We do not want to move away from price marks. We want the supply chain to recognise this issue, protect the margin and make it work.
Are suppliers understanding that?
Some are, absolutely. Some have responded, some have come back and said, look, we hear it. We’re doing this, we’re doing the right thing. I know some that aren’t. We’re going to have those awkward conversations. No doubt there will be a take it or leave it attitude. There will be some brands that say, if you want my brand, regardless, you will buy it. But what you have seen is, in some cases, even the biggest brands in the world are seeing their market share being challenged because there are some good quality products. You only have to look at what the discounters, Aldi and Lidl have done with own brand, they have created a whole market where own brand is not being seen as cheap and nasty.
Do you have a target to growing the membership further?
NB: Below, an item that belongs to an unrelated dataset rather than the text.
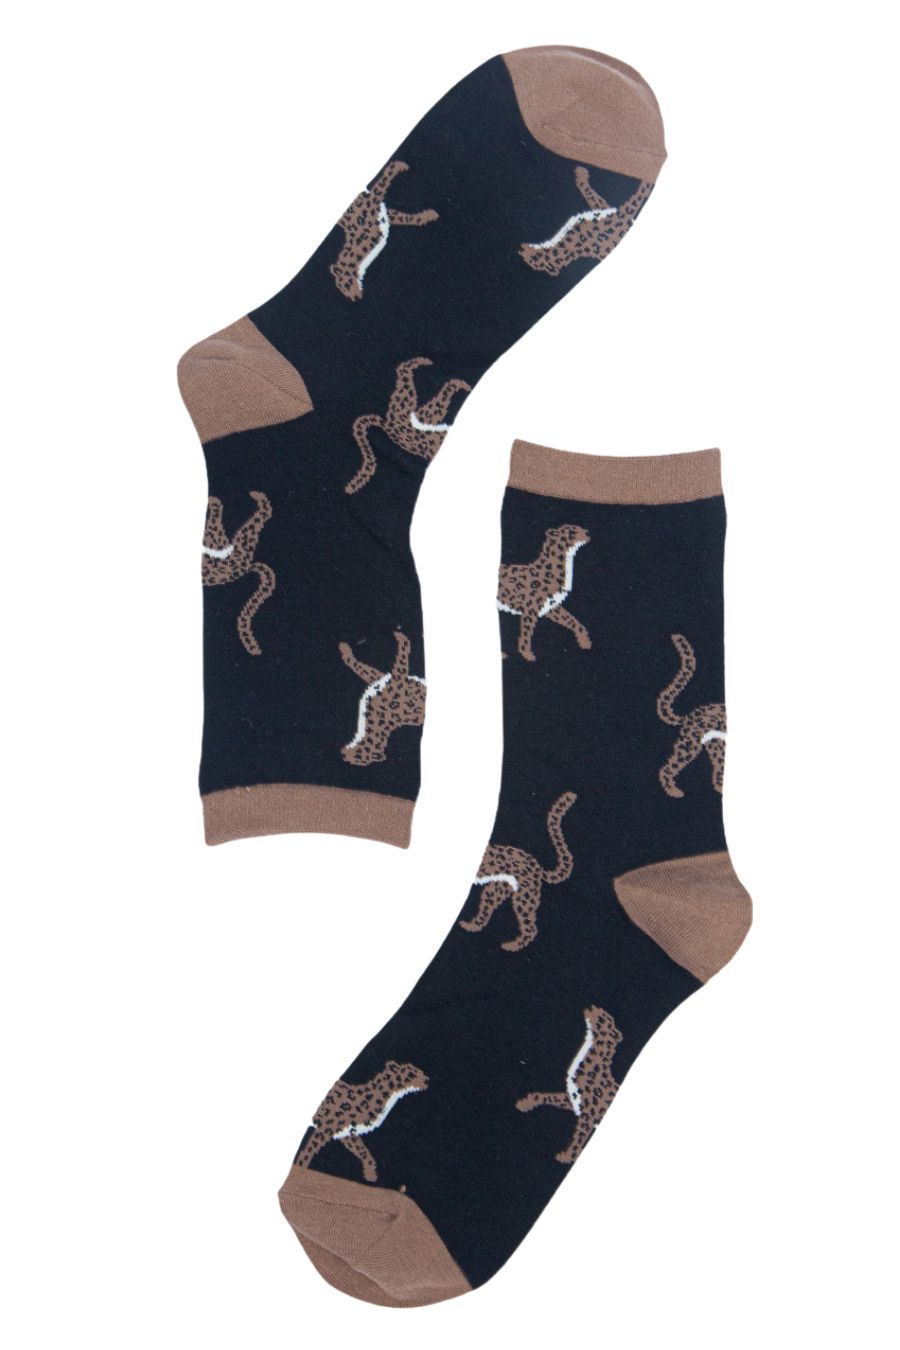 black bamboo socks with brown cheetahs

It’s not key to us to grow the number of members, and the volume that sits within the group is a significant enough volume that we can work with. We believe there is still opportunity to give those existing members a better return. That’s our priority.
How is the Unitas own brand range performing?
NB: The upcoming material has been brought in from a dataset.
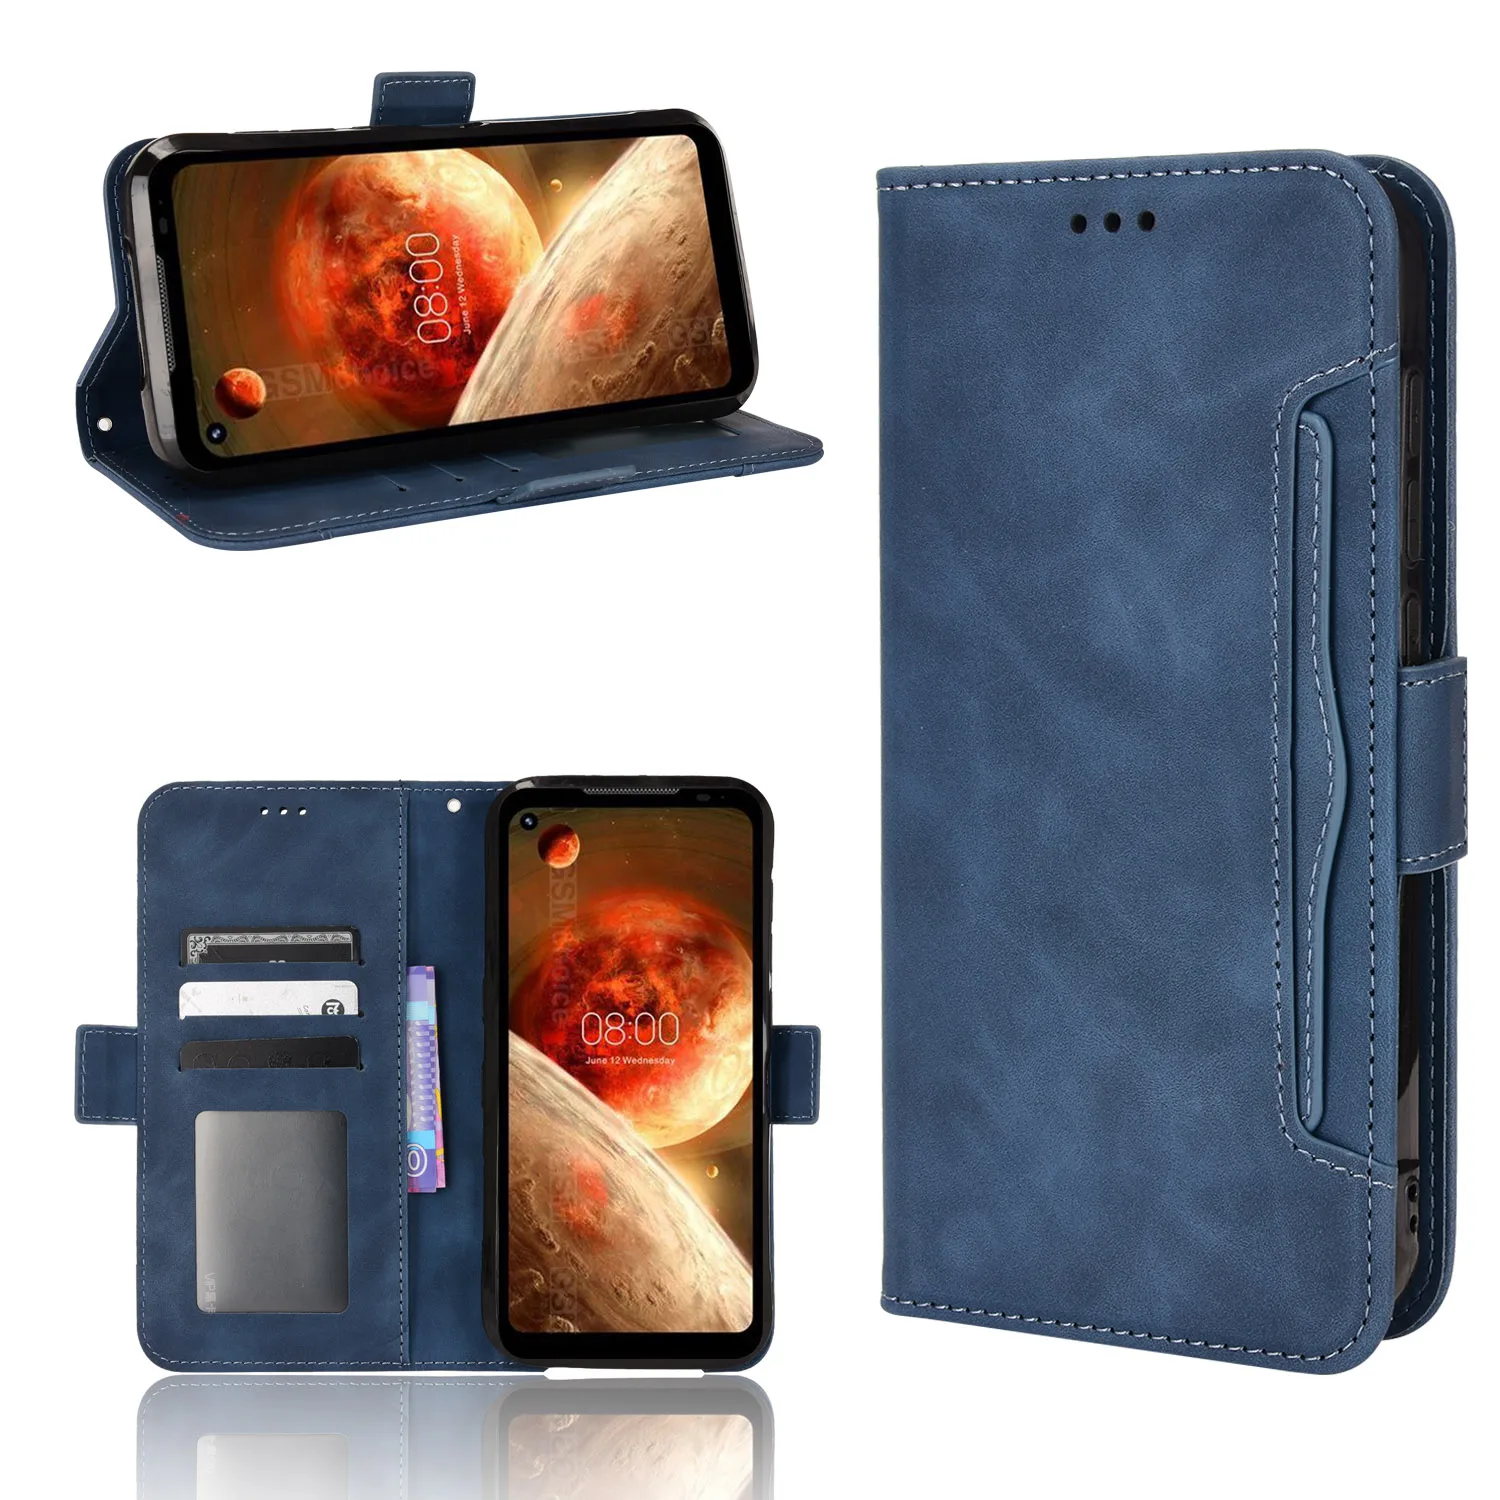 For Doogee S97 Pro Case Premium Leather Wallet Leather Flip Multi-card slot Cover For Doogee S97 Pro S 97 Pro S97Pro Phone Case

It is performing very well. We are looking to double the range. There are 120 SKUs out there now, within the year, we think that’s going to be probably over 200 and near to 240. The market conditions lend itself to own brand so it will continue to grow.
Why do you think Unitas was named the suppliers’ favourite wholesaler in the 2024 Advantage Report?
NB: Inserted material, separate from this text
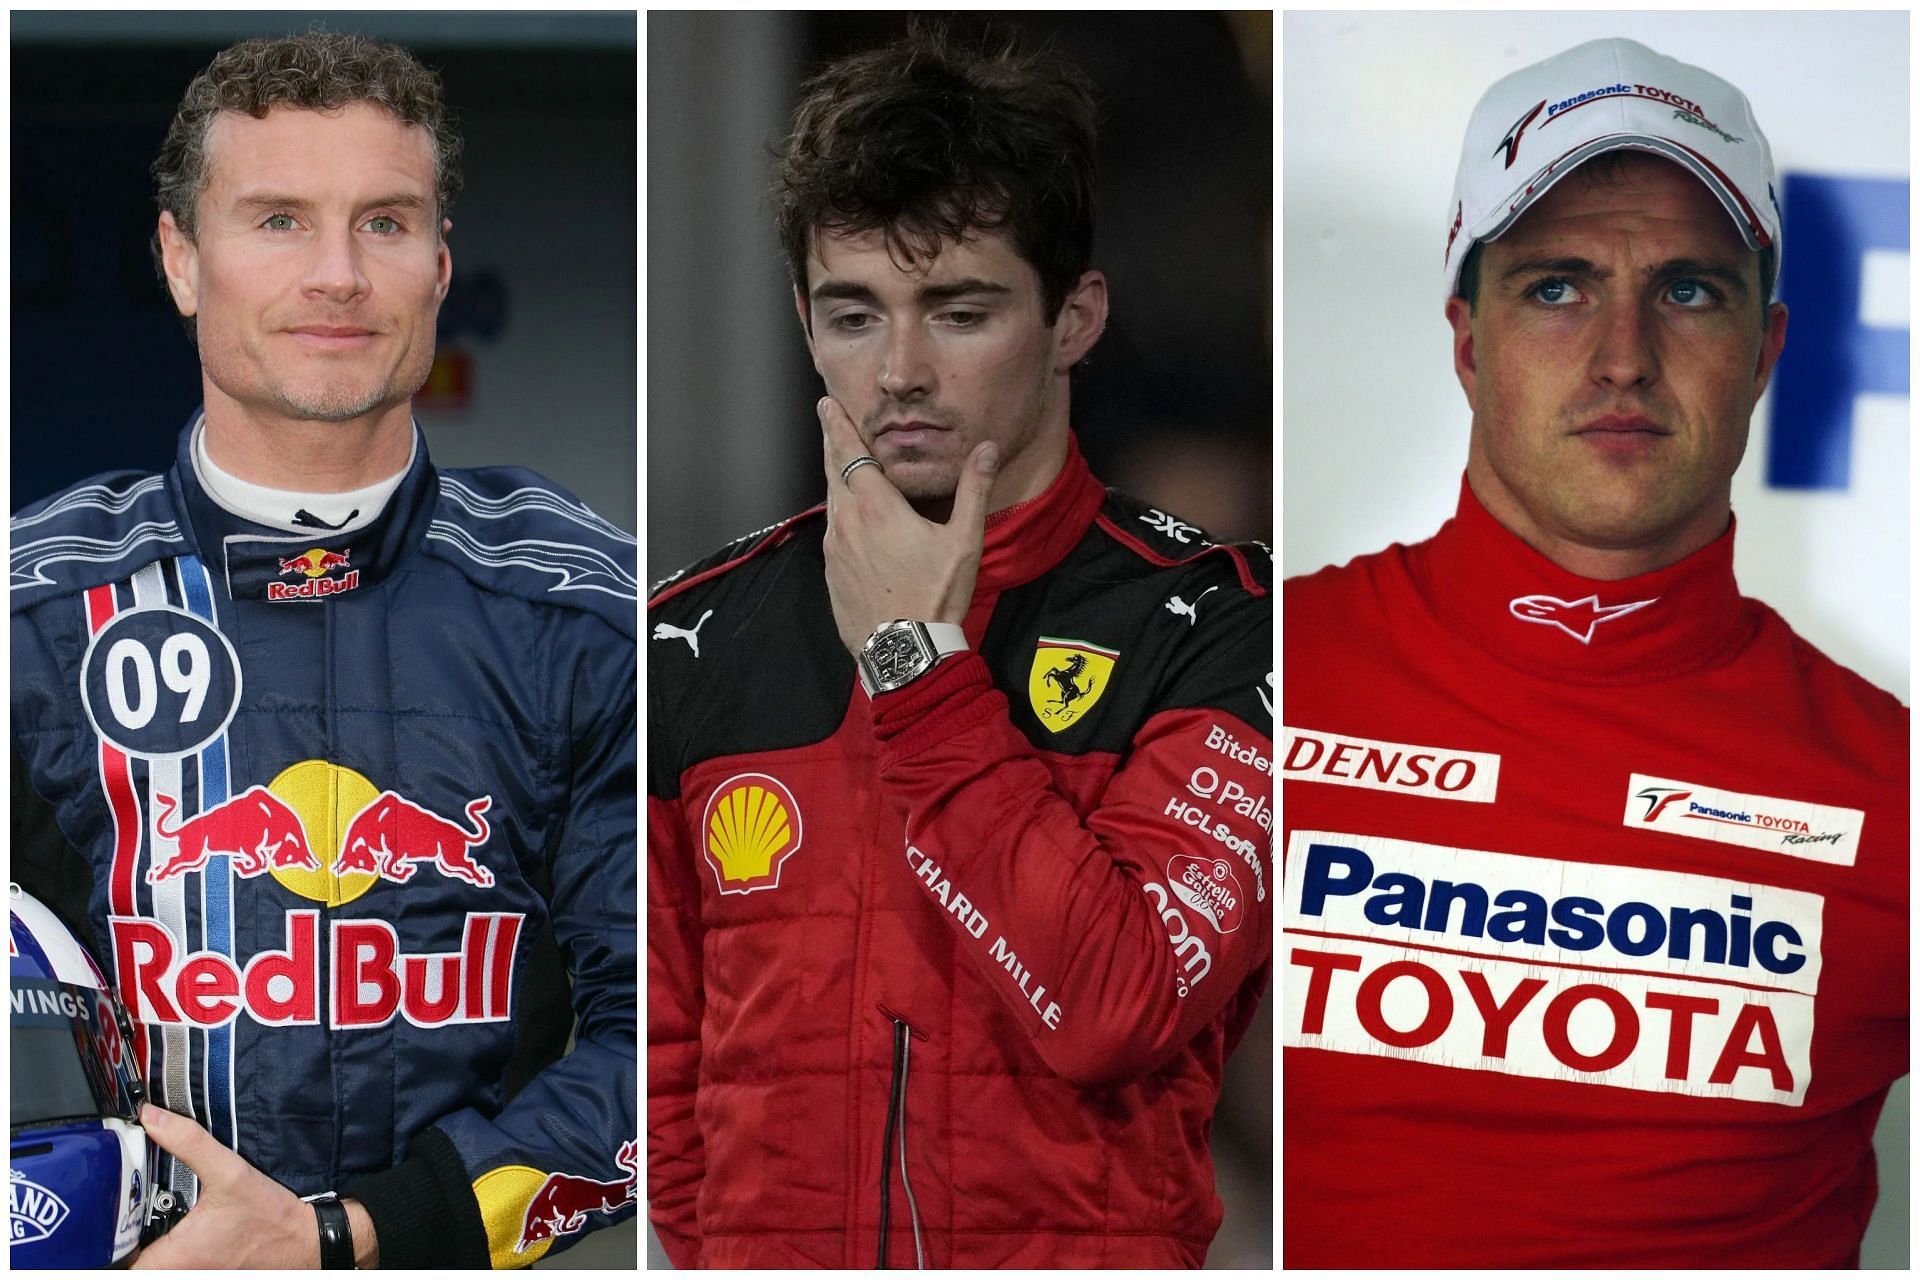 David Coulthard (L), Charles Leclerc (C), and Ralf Schumacher (R) (Collage via Sportskeeda)

We made a stance, a few years ago, saying, we want to start building collaborative relationships. That’s not just saying it, it’s actually doing it. We made sure that as a team, we are more out with suppliers in depots, not just doing work in the office. We want more face-to-face meetings. We made a positive stance to say, banging the table does not build relationships and give you a better price. It’s very short term. It’s not the way we want to work. We want strategic, collaborative relationships. And now, it’s coming through, we have seen that happening. Suppliers are saying, you’re working with us, you’re understanding our brands, and you’re helping us execute our brand plans, and that’s great. We are very proud of that, because we’ve changed the culture of our trading team, and we changed personnel because we wanted a different way of working. That doesn’t happen overnight, That takes time to change. Cheryl Hope, our Trading Director, has been instrumental in building that relationship with suppliers. We think we’re going in the right direction, that’s what has been recognised in the supply chain.